What you have to do.
Only the lines from the one that contains "Danner Mountain 600" to the last line below, both included, should be transcribed. Pictures stay out of the copy.

---------- Records provided ----------

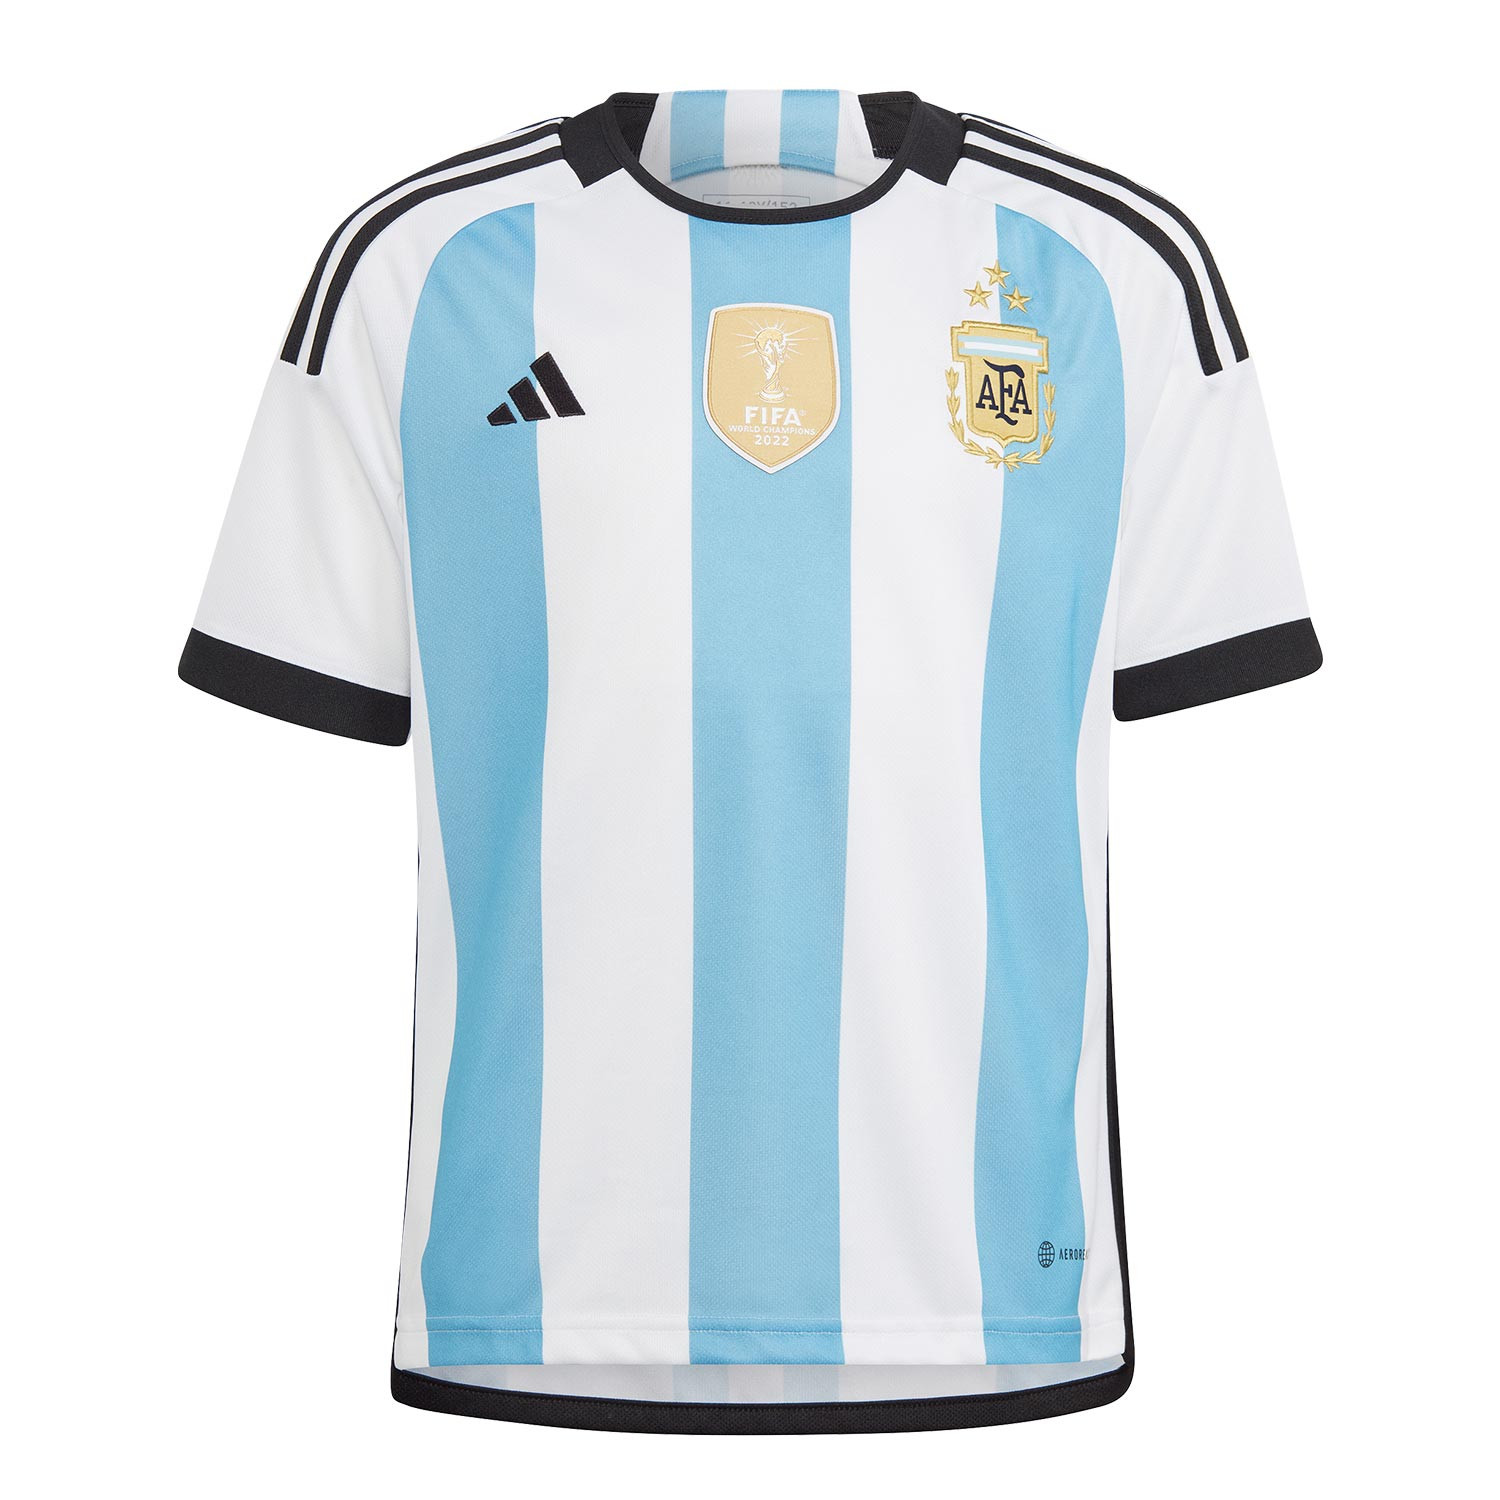 madre Familiarizarse Plano Camiseta adidas Argentina niño 3 estrellas albiceleste|futbolmaniaKids
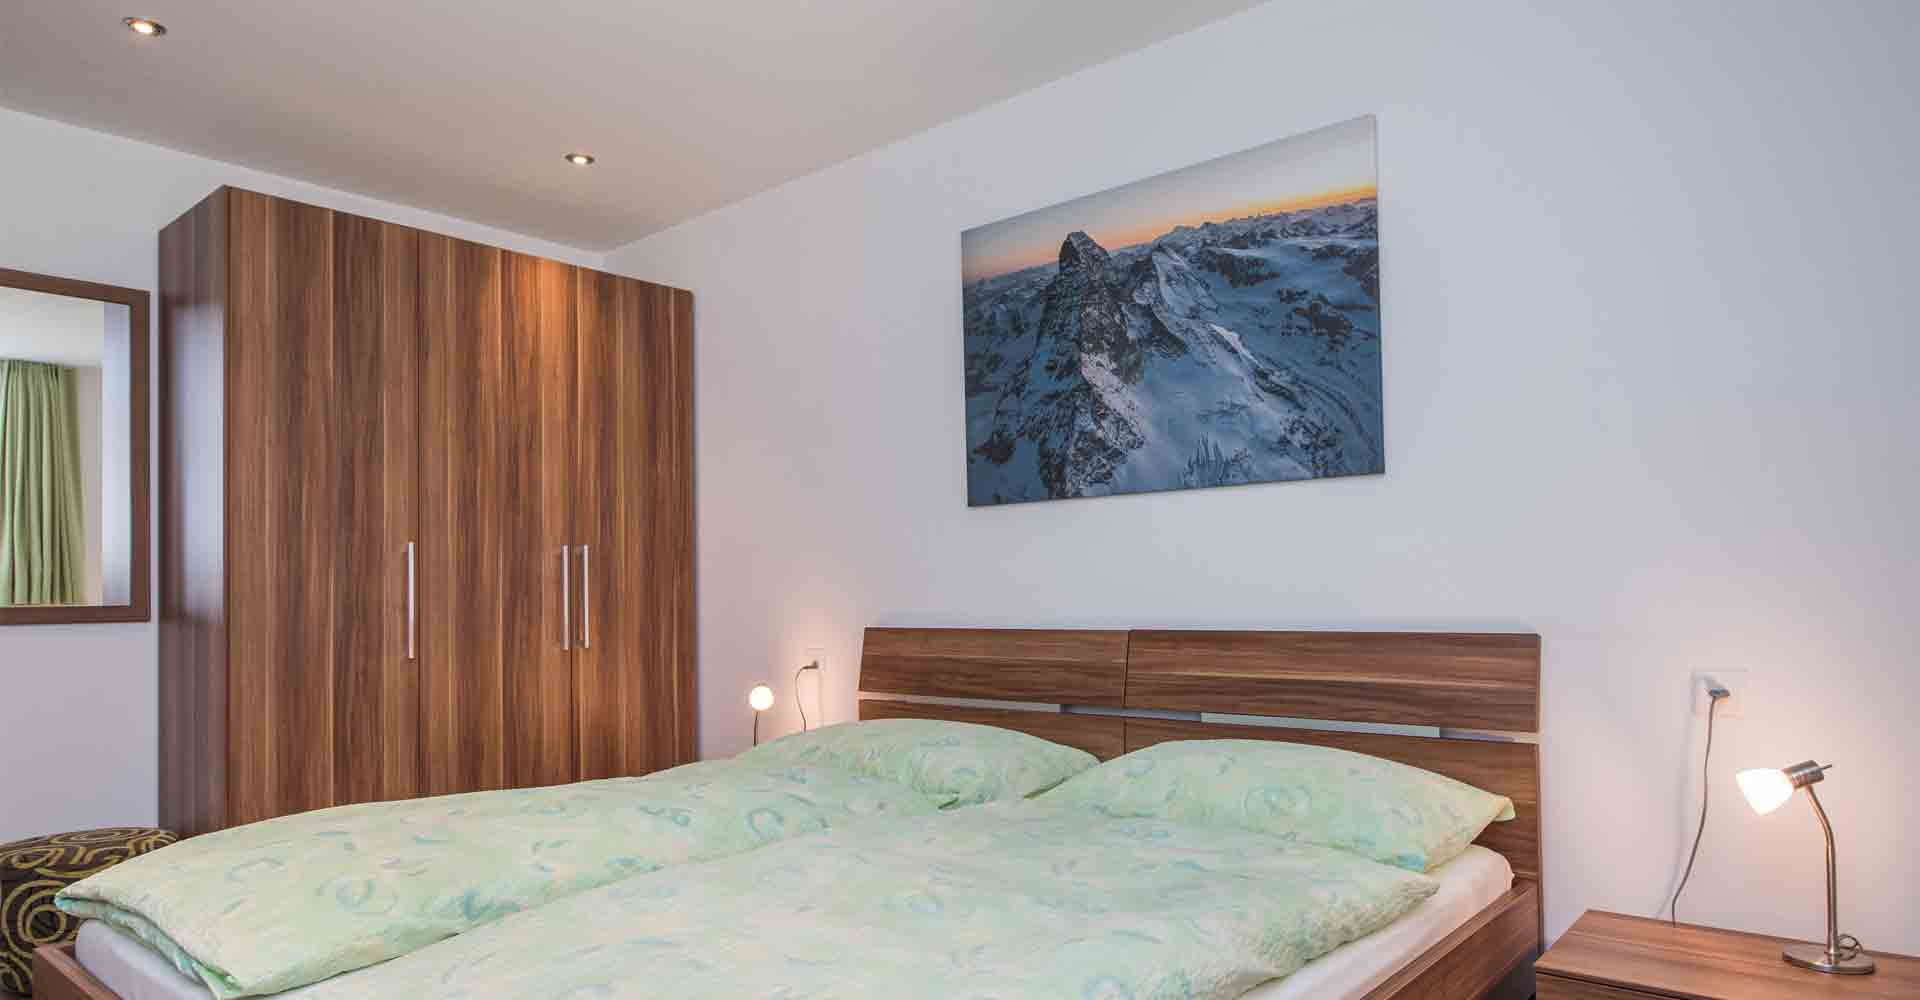 Rent a modern apartment in Zermatt
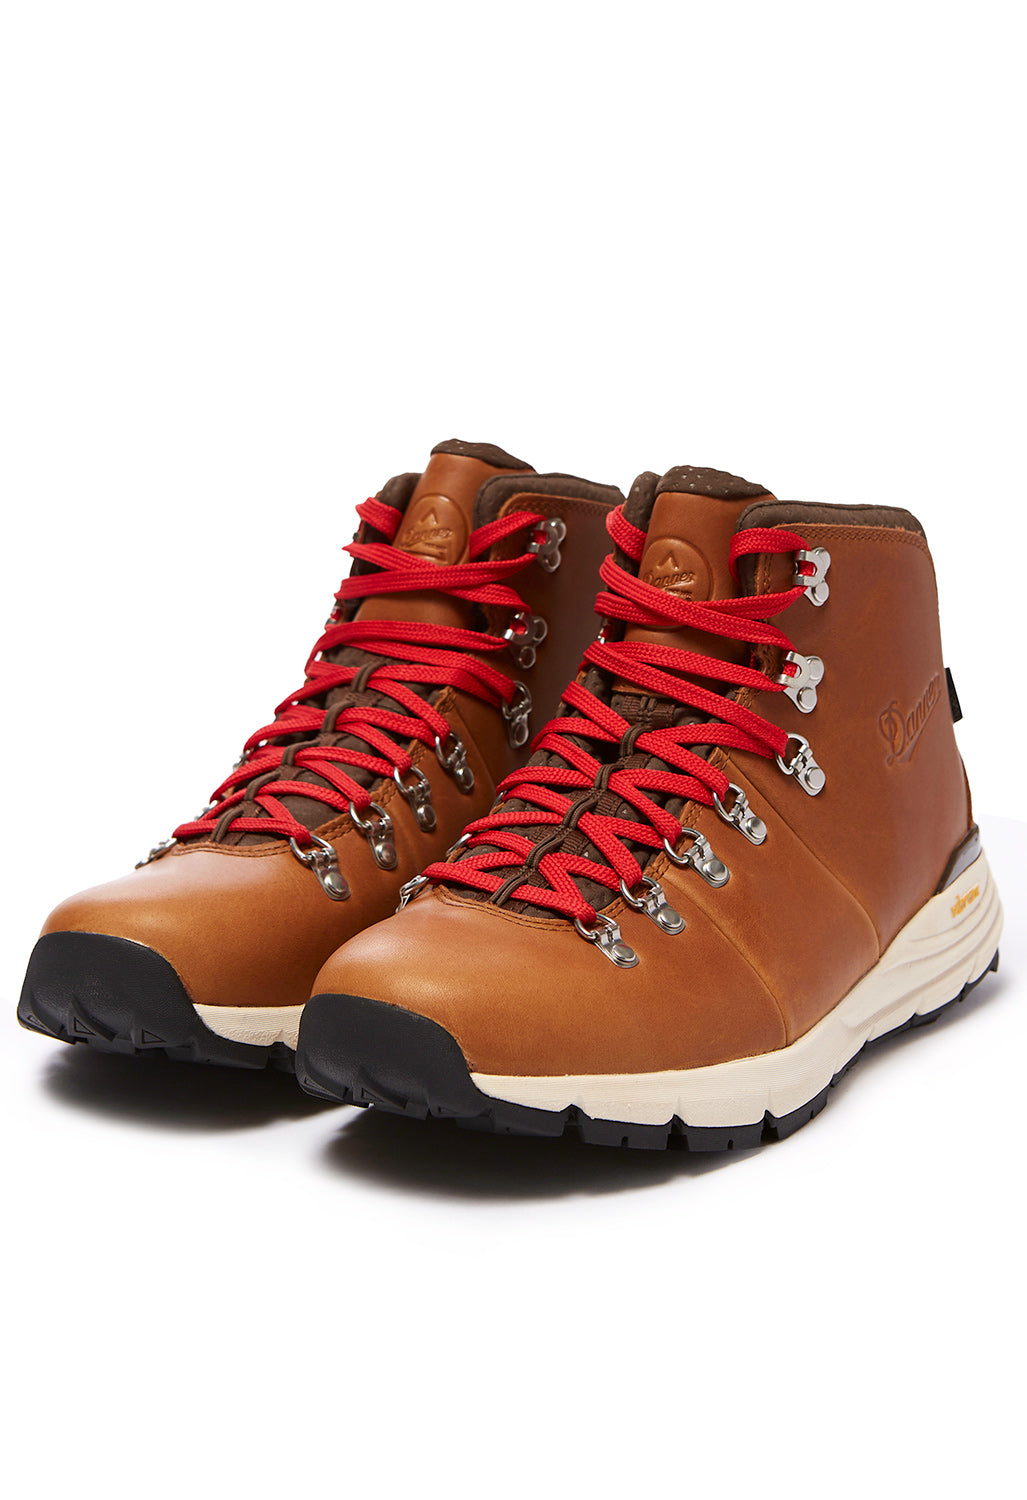 Danner Mountain 600 4.5" Men's Boots - Saddle Tan
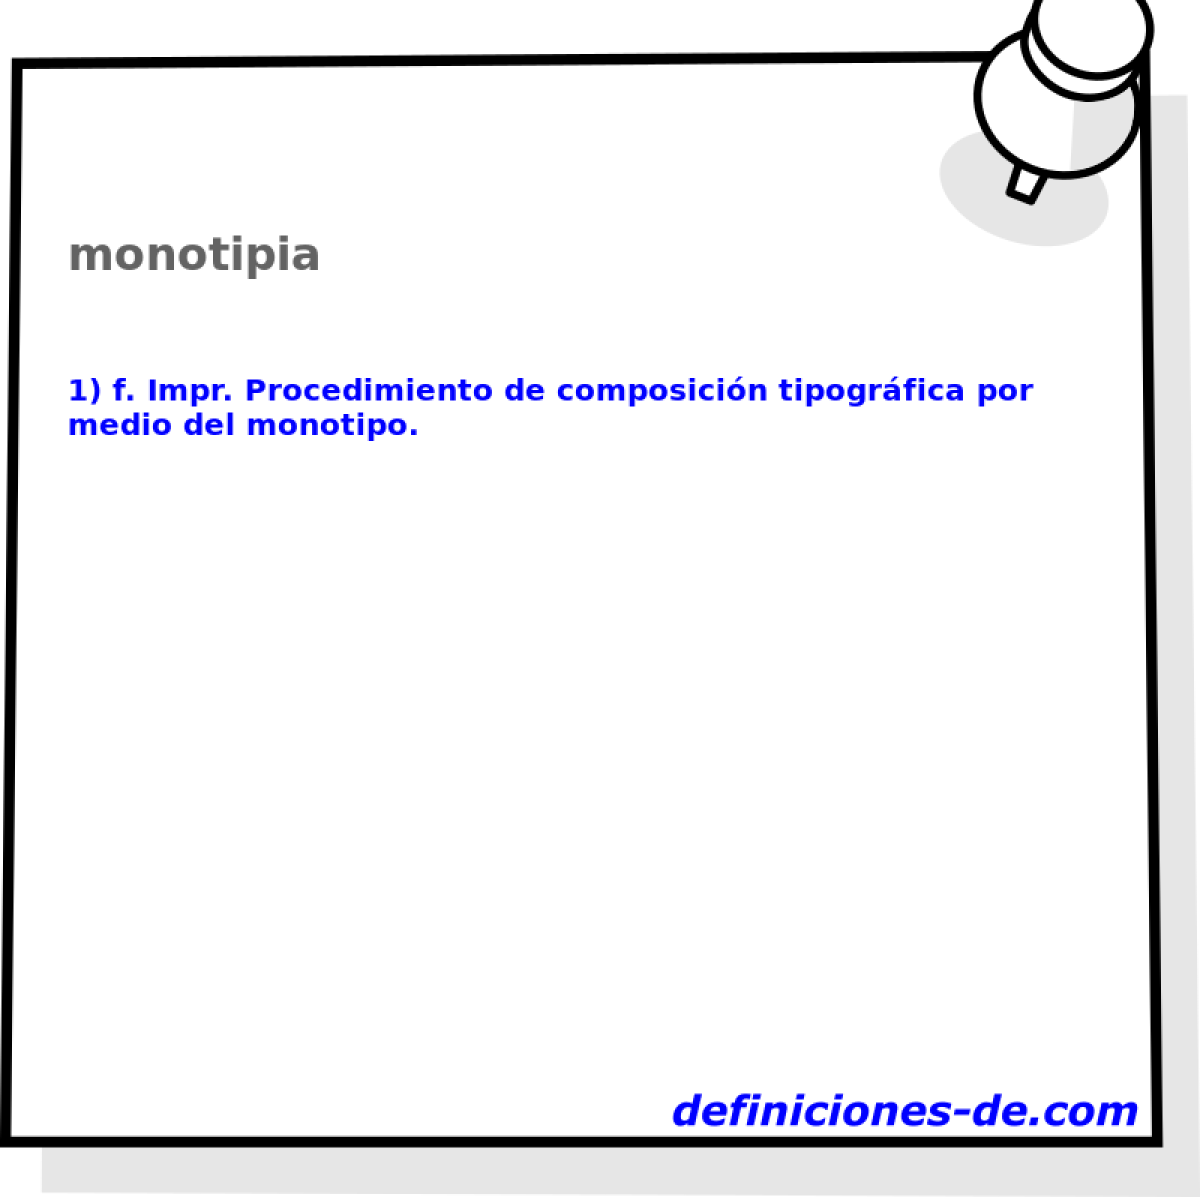 monotipia 
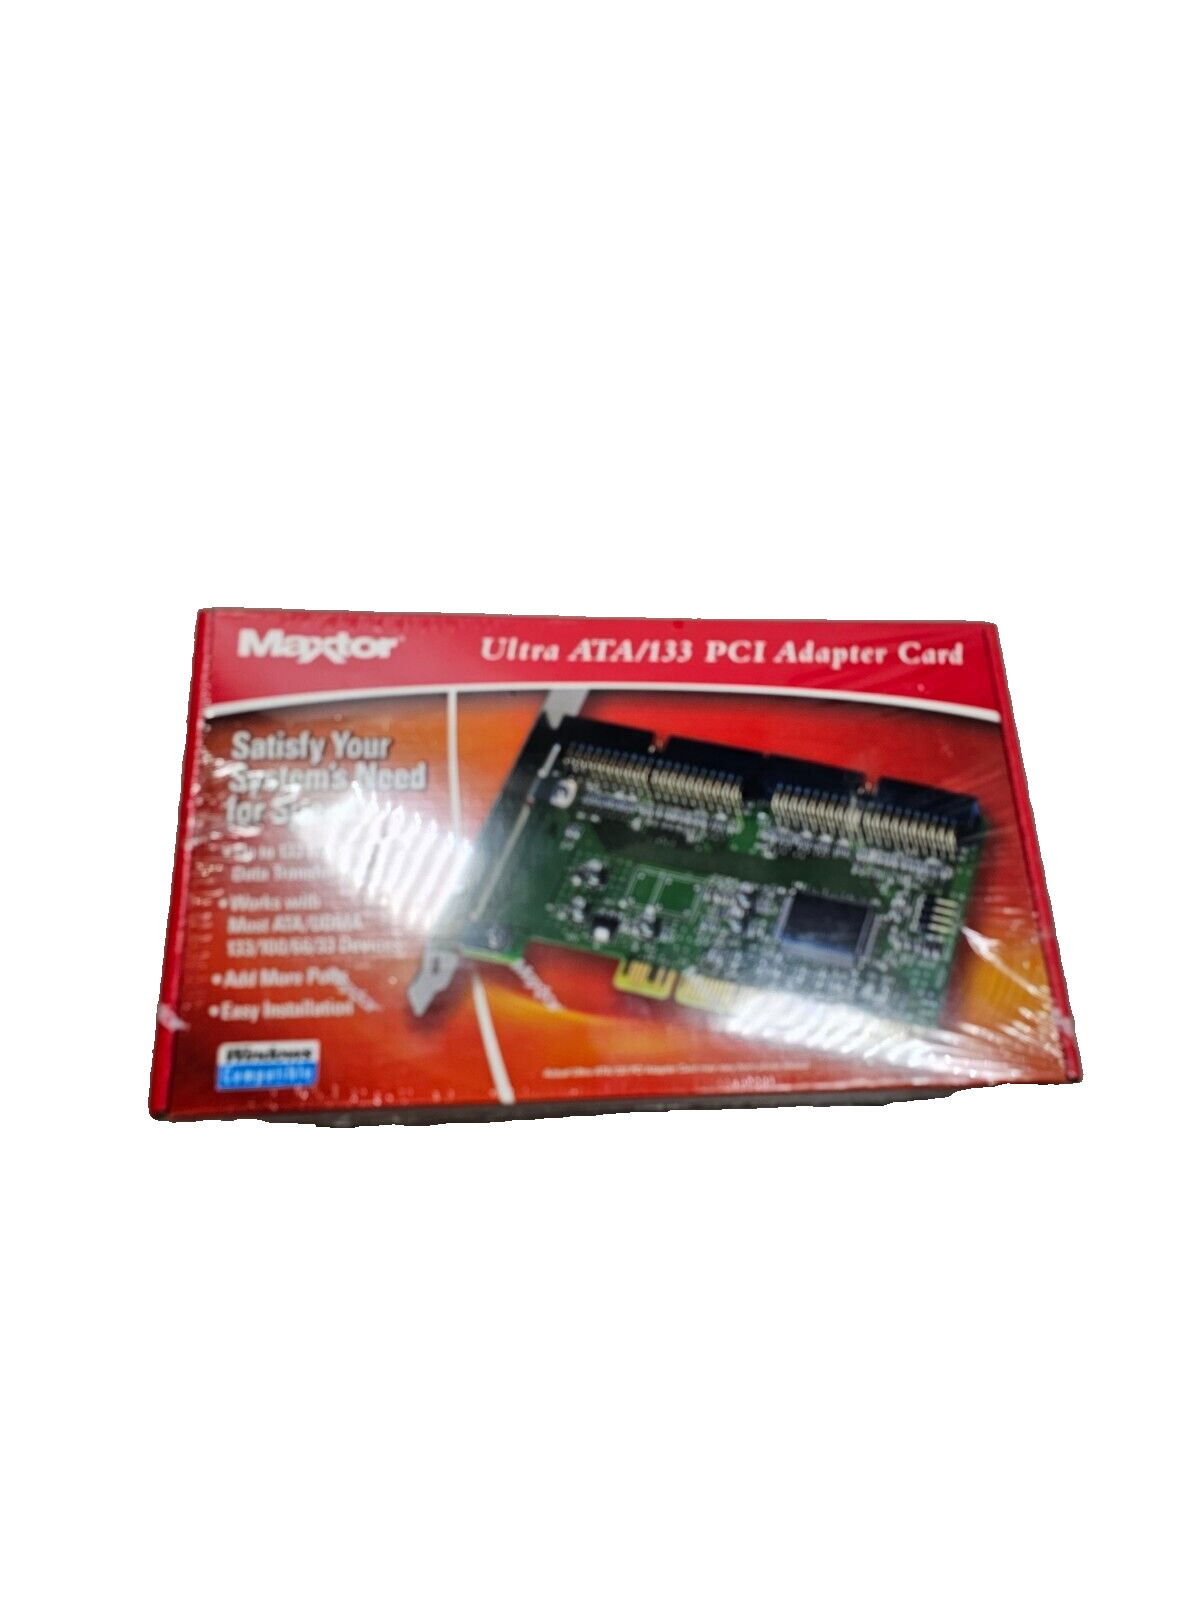 Maxtor Ultra ATA/133 IDE Adapter Card PCI K01PCAT133 New, Sealed

----------

Response.
 Danner Mountain 600 4.5" Men's Boots - Saddle Tan
 monotipia 
 Maxtor Ultra ATA/133 IDE Adapter Card PCI K01PCAT133 New, Sealed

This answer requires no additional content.